The songbird brain contains a discrete set of interconnected brain regions, called the ‘song system,’ that is dedicated to song learning. Similar to mammals, songbirds have dopamine neurons in the midbrain nucleus ventral tegmental area (VTA) that project to a song system nucleus called Area X (VTAx neurons), which resembles the mammalian basal ganglia. Do these VTAx neurons convey an error signal for song learning, even though song is internally evaluated? To test this idea, we recorded data from VTAx neurons in a singing bird. We used real-time song analysis software and auditory feedback to distort a specific song syllable 50 percent of the time, tricking the bird into thinking it sometimes sang the wrong syllable.
We found that VTAx neurons suppressed firing after distorted syllables, indicating the bird performed worse than it expected to. Remarkably, the same neurons increased firing at the precise moment in the song when a distortion might have occurred but did not, indicating a better-than-predicted performance. These precisely timed activations suggest that birds predict how well they will sing based on recent practice. If this interpretation is correct, then the strength of dopamine-neuron activity should depend on the probability of distortion. In other words, if a specific note is likely to be distorted, an undistorted syllable is more surprising, and the dopamine neurons should be more active. On the other hand, if the probability of distortion is low, an undistorted syllable is less surprising, and the dopamine neurons should be less active.

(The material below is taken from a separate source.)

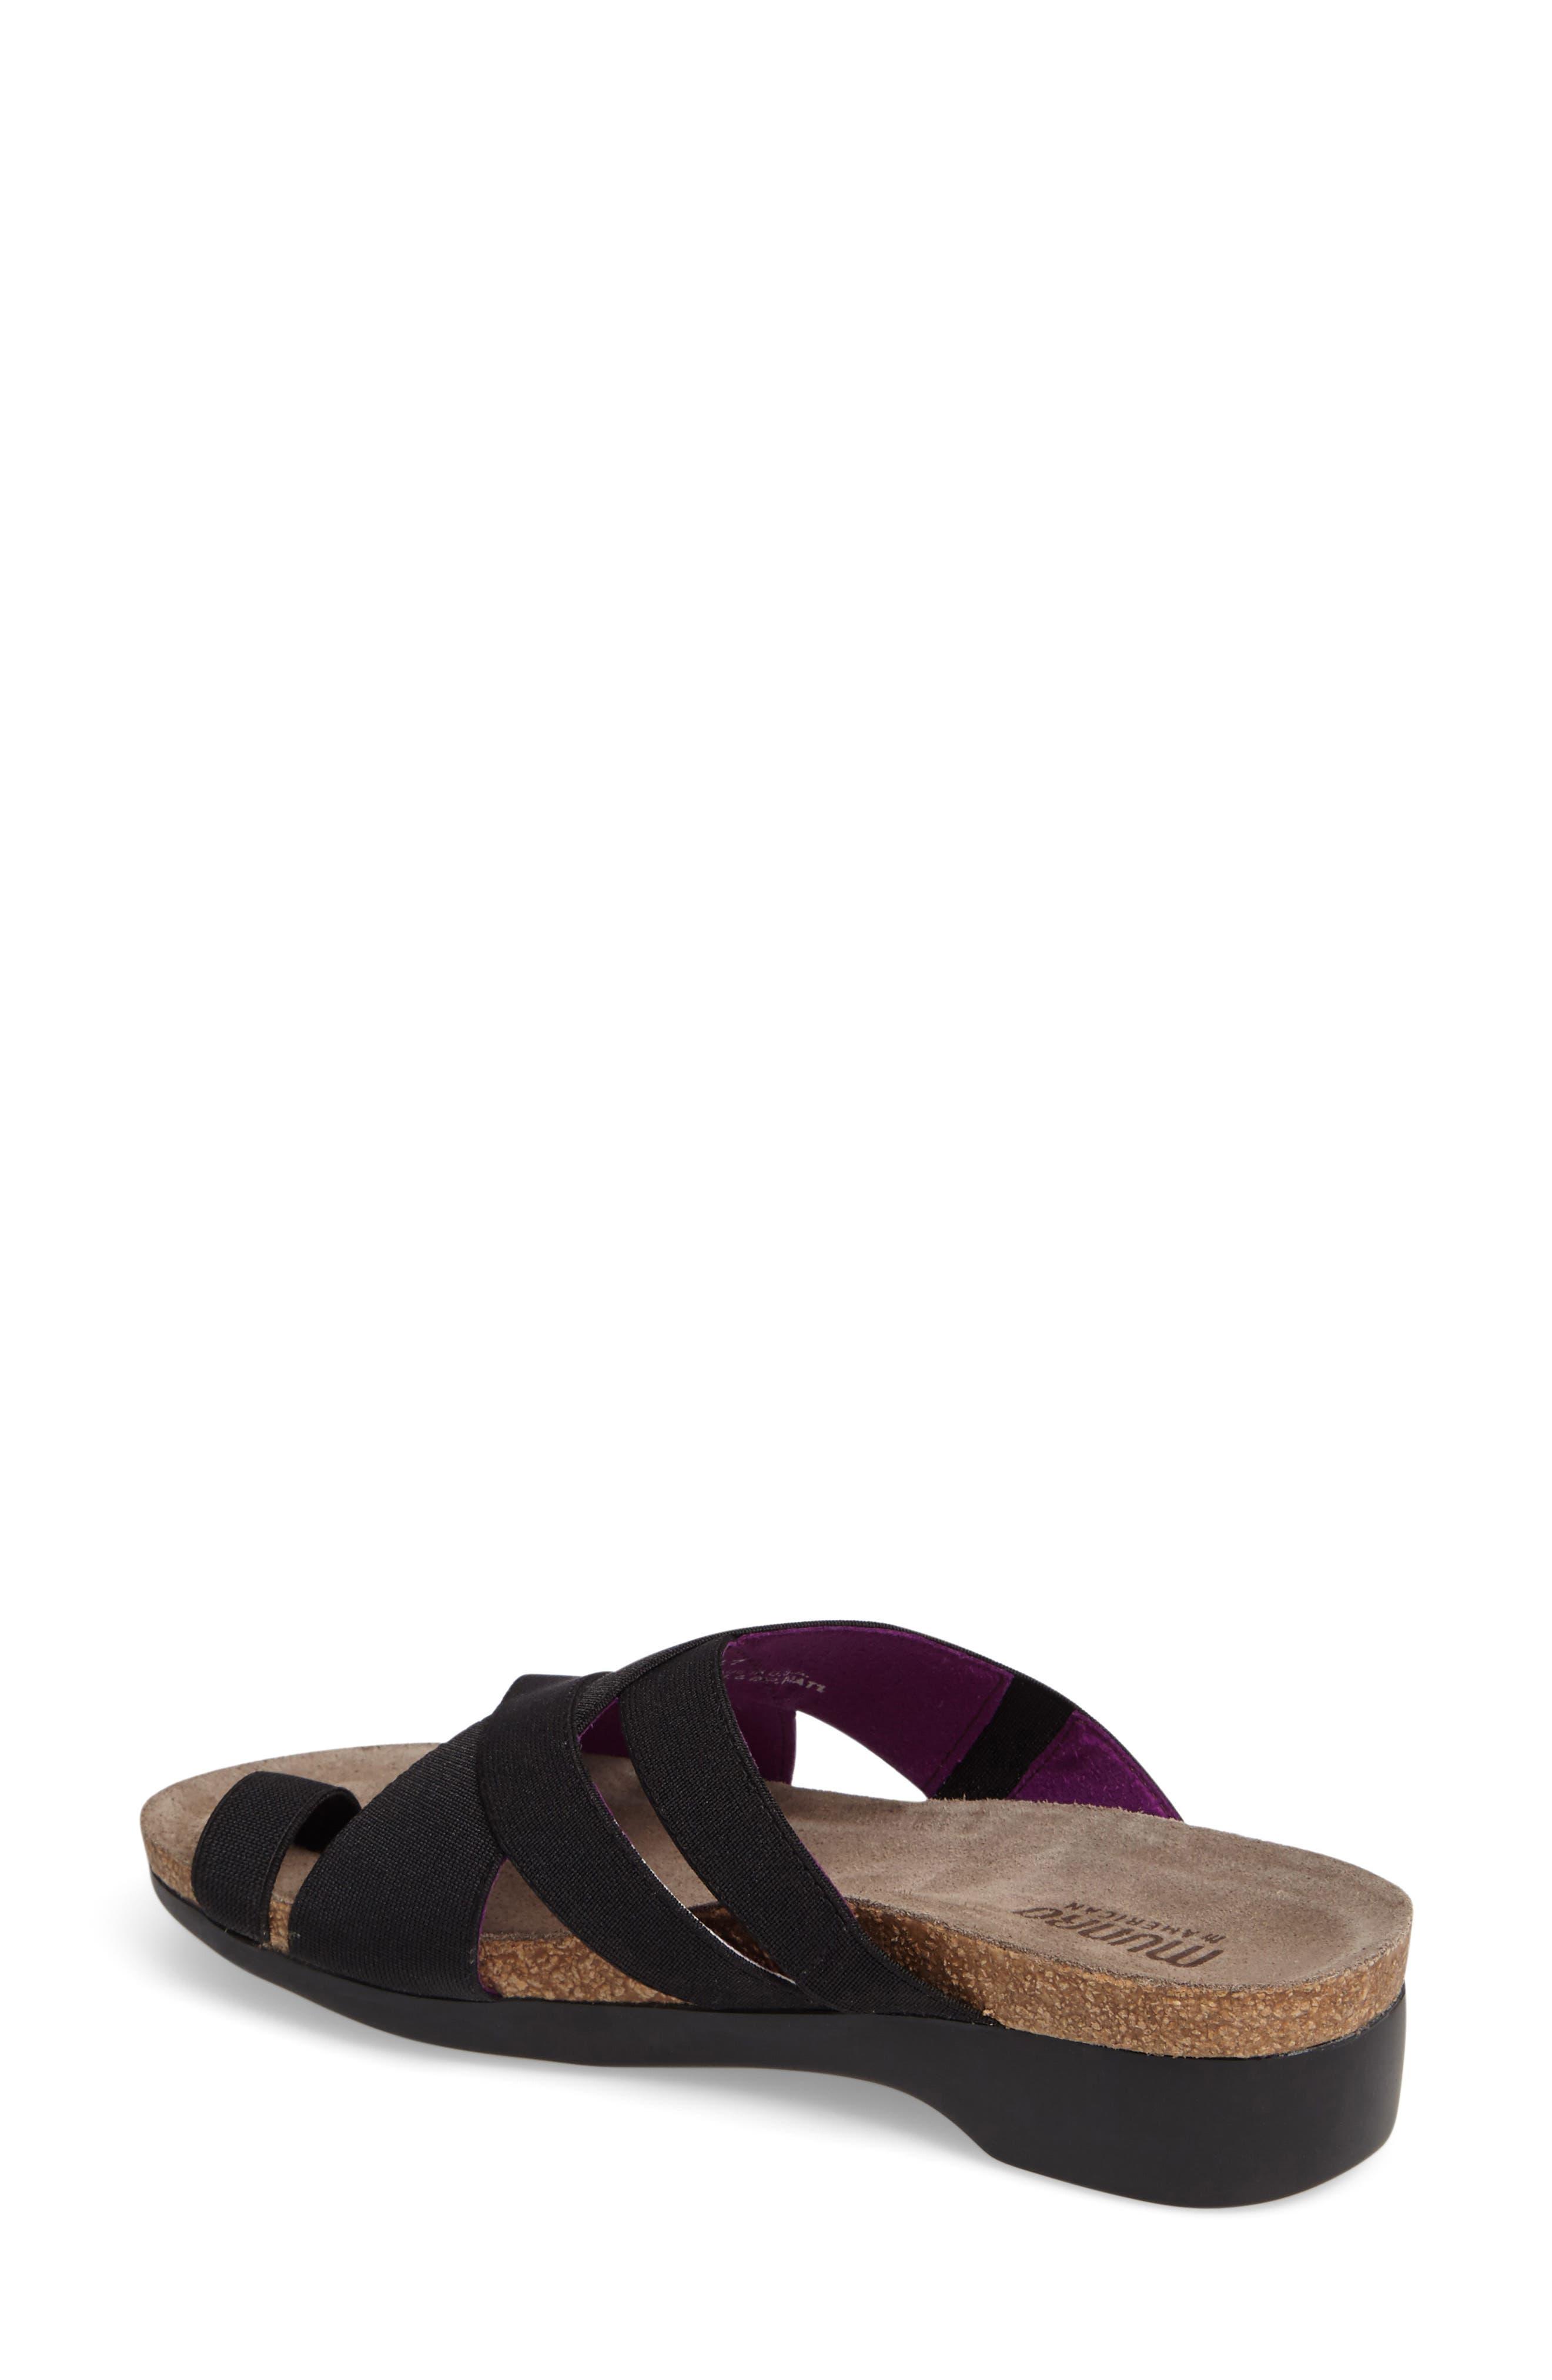 Delphi Slide Sandal,                             Alternate thumbnail 2, color,                             001

To test this hypothesis, we performed a two-target experiment where we distorted two different syllables of the song, the first syllable 50 percent of the time and the second syllable only 20 percent of the time. As expected, we found that dopamine neurons were more active in response to the more surprising undistorted first syllable than the less surprising undistorted second syllable. We published the results in Science in December 2016.
These findings suggest that dopamine neurons convey an error signal for song learning and maintenance. In addition, they show that birds not only compare their songs to the template, their ultimate goal, but also to a predicted performance quality, which is updated based on recent practice. More broadly, these results suggest that the principle of dopaminergic reward prediction error, which has been so extensively investigated in neuroscience, might generalize to the learning of complex motor sequences that are acquired by trial-and-error matching of ongoing performance to internal goals rather than in the pursuit of food or juice rewards. When you are practicing your song on the piano, and happen to hit just the right note, perhaps a brief burst of dopamine in the basal ganglia encourages you to hit that same note again the next time. In this context, these signals might be thought of as encoding ‘performance prediction error.’ Maybe the way to Carnegie Hall is indeed practice – or in other words, an addiction to the little bursts of dopamine that tell you, “You got it right!”